The inter-governmental task team, led by deputy energy minister Thembisile Majola, yesterday briefed Parliament on Eskom's failure to sign power purchase agreements with the IPPs.

The team, made up of the departments of energy, public enterprises, planning and evaluation and National Treasury, as well as Nersa, said current "hardships", including oversupply, have made it difficult for the power utility to sign the PPAs.

Eskom and IPPs have been at a standstill over the signing of new PPAs for some years now. There have also been suspicions that the continuous delays in the signing of new deals was a deliberate ploy by the power utility to sign a nuclear deal which has so far been shrouded in secrecy. The nuclear deal will cost SA up to one trillion rand.

Following several delay tactics by Eskom in signing the new deals, the renewable energy industry was confident the power utility would finally sign the outstanding contracts in April.

Previous energy minister Tina Joemat-Pettersson had directed Eskom to sign the outstanding PPAs by no later than 11 April.

After president Jacob Zuma's Cabinet reshuffle, Joemat-Pettersson was replaced by Mmamoloko Kubayi, who also asked that the signing be delayed, saying this was in order to allow her to meet with public enterprises minister Lynne Brown on the issue.

Following yesterday's announcement, the South African Renewable Energy Council (SAREC) says it is deeply disappointed the Department of Energy and Eskom failed to provide any certainty for investors during yesterday's update to Parliament on Eskom's failure to sign PPAs.

The industry body believes these delays will have direct negative consequences for SA's renewables industry.

Growing numbers of companies, employees, graduates and communities are suffering the consequences of R58 billion stalled investment, with 13 000 lost construction jobs and billions of rands of local economic development spend foregone, says SAREC.

Brenda Martin, chairperson of SAREC.

Brenda Martin, chairperson of SAREC.

Before the renewables programme ground to a halt in 2015, it was trumpeted as a resounding success by both government and Eskom.

According to SAREC, bid tariffs had tumbled to the point where renewable energy had become the cheapest option for new generation capacity available to the country.

It notes that renewable plants are majority owned by South Africans and are typically built in rural areas where they bring unprecedented benefits to poor communities.

"The industry had already attracted a substantial eco-system of service industries and was beginning to leverage investment in heavy up-stream fabrication industries," says Brenda Martin, chairperson of SAREC.

She points out Eskom's apparent objections to signing agreements with preferred renewable bidders ignore these broad benefits and instead focus on the utility's selfish interests.

"This is from an entity that, over the past decade, has managed to stall economic growth through load-shedding, wasted tens of billions of rands on its new-build programme, further billions of rands on non-transparent coal procurement, and to top it all, quadrupled its retail tariffs," Martin says.

By comparison, SAREC says, the renewables industry has met and generally exceeded all policy objectives set by government.

"Very importantly, we have exceeded employment targets by 27%. More than 98% of renewable projects have been delivered on time.
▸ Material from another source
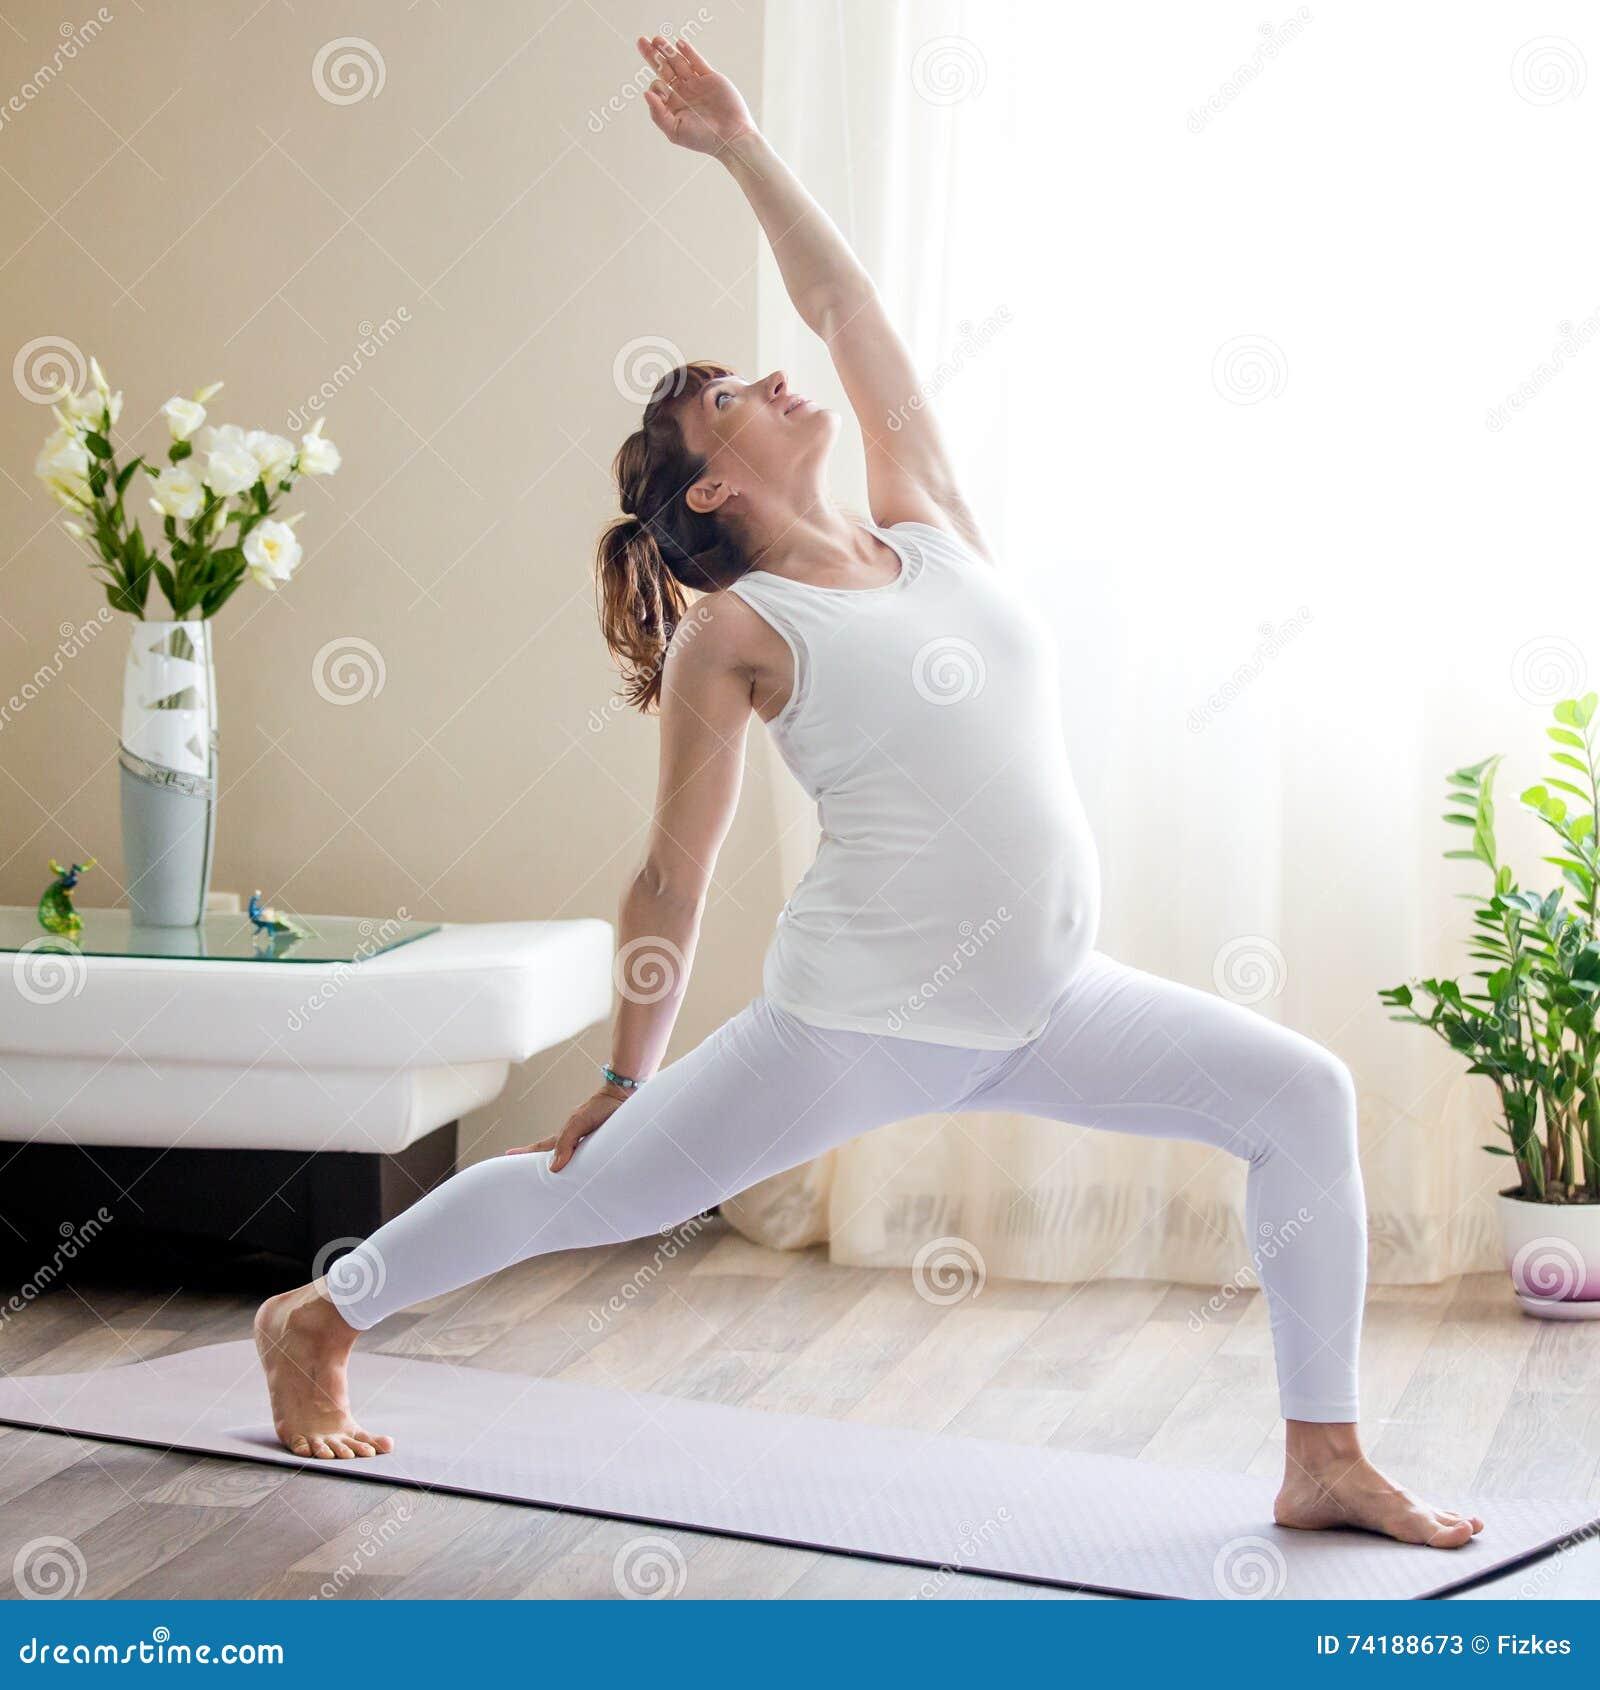 Pregnant Woman Doing Viparita Virabhadrasana Yoga Pose At ...

Any cost over-runs have been for the account of investors' rather than consumers. And all BEE and community ownership targets have been met.

"Should government wish to increase any of these economic development targets in future rounds, the renewable energy industry would welcome a discussion. However, it is clearly not feasible to shift the goal posts for bidding consortia that have already been awarded permits on the basis of the current bid rules."
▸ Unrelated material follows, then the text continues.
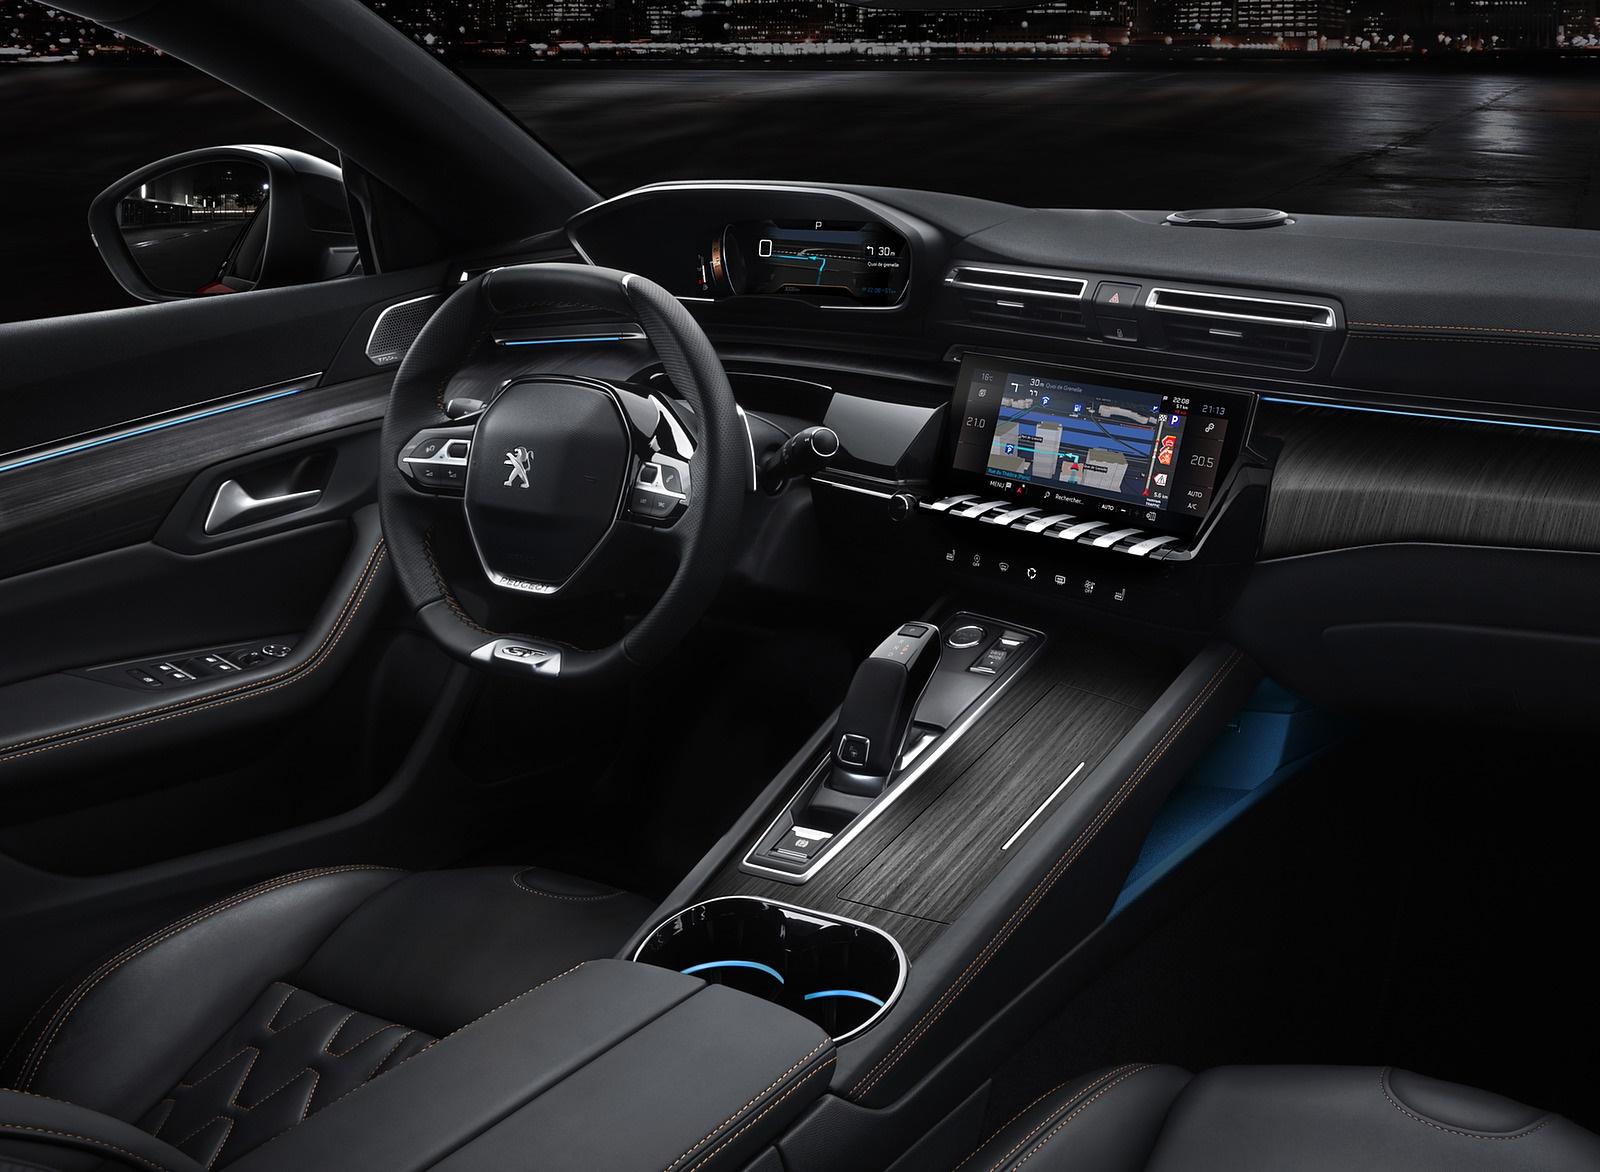 2019 Peugeot 508 Interior Wallpapers (7)

Martin points out the continuation of the renewables programme will deliver all the developmental objectives required by government and continued delays will achieve the opposite.

"We call on the government to hold Eskom and the task team to account for the commitments made in Parliament today [yesterday], namely for final recommendations to be delivered to ministers by the end of June, and for all outstanding ‘interventions' to be dealt with ‘by August 2017'. Investors are watching this space with deep concern," Martin notes.